The listing below holds a line with "Malibu C Leave-In" and a later line with "810a71672733 Gucci Marmont Belt Bag Pink". Write out those two lines and every line between them, exactly, and nothing else.

━━━━━ Data excerpts

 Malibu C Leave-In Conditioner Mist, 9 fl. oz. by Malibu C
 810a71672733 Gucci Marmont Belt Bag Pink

━━━━━━━━━━
━━━━━ Data excerpts

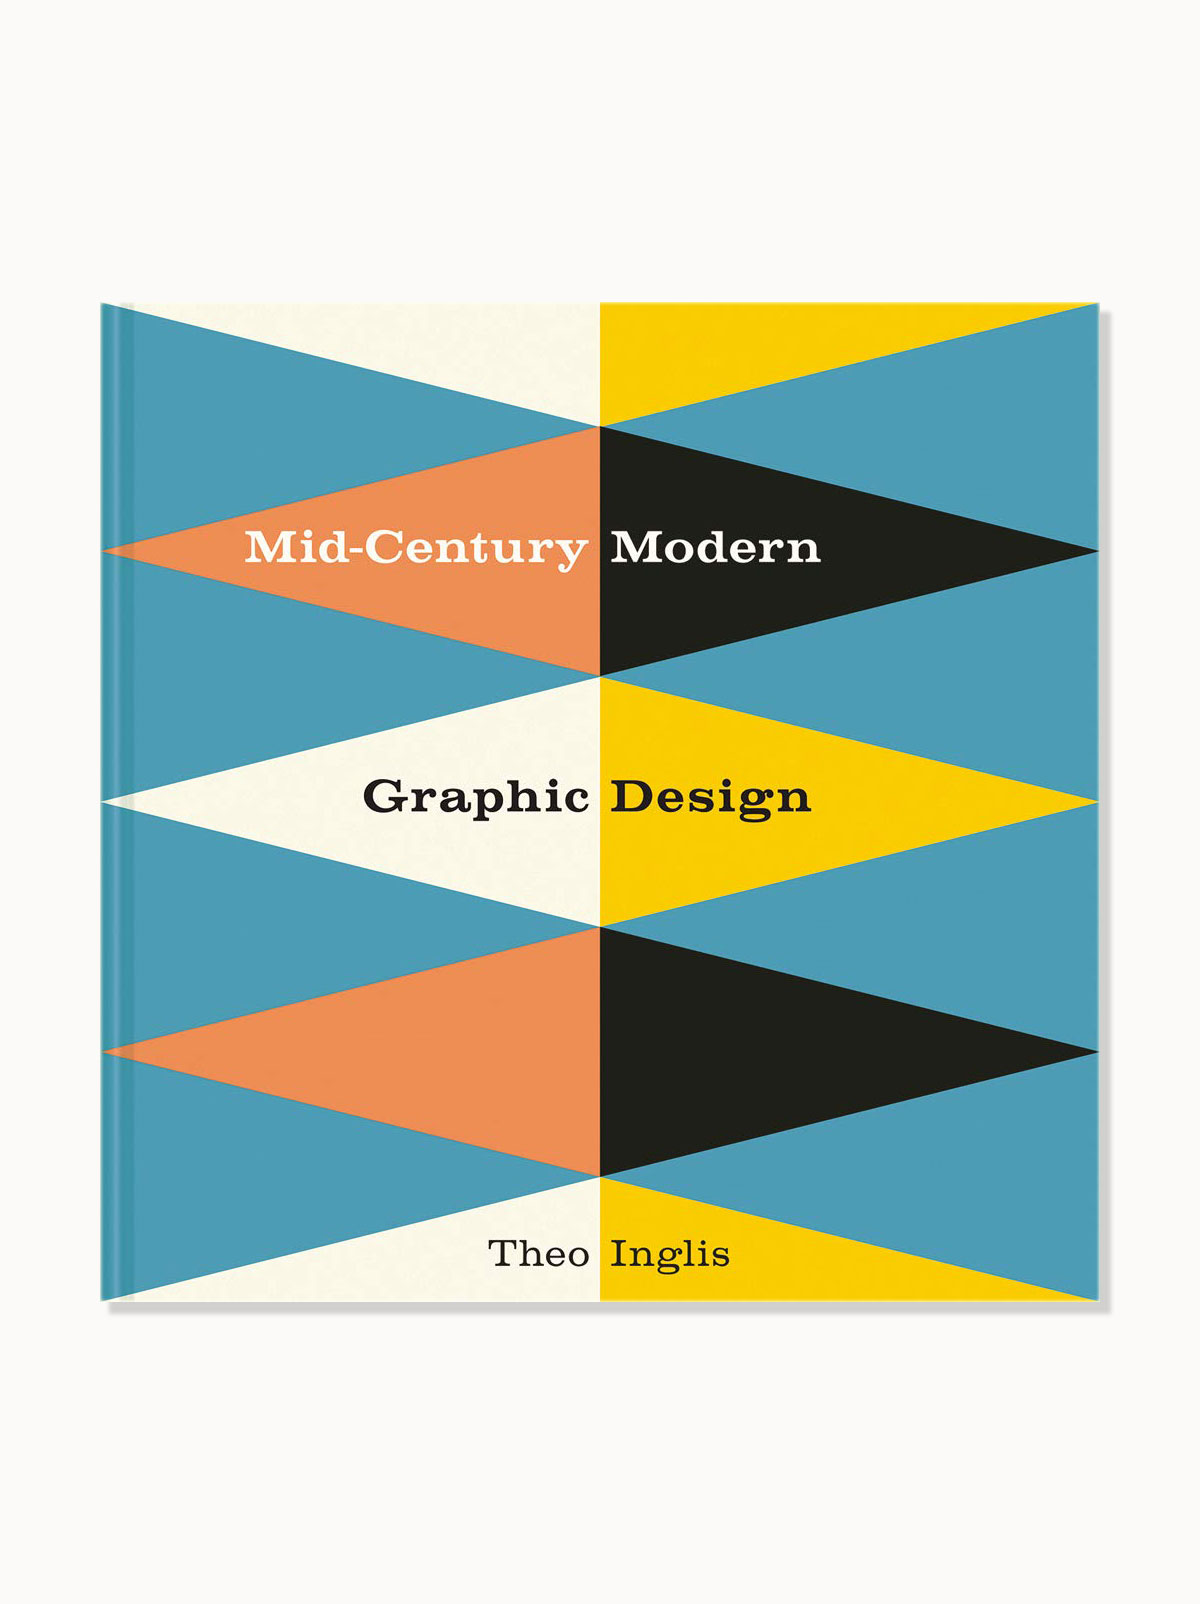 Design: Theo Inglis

━━━━━━━━━━
━━━━━ Data excerpts

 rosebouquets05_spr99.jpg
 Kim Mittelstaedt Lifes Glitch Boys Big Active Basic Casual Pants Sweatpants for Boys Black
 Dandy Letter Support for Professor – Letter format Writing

━━━━━━━━━━

--- Answer for the task ---
 Malibu C Leave-In Conditioner Mist, 9 fl. oz. by Malibu C
 810a71672733 Gucci Marmont Belt Bag Pink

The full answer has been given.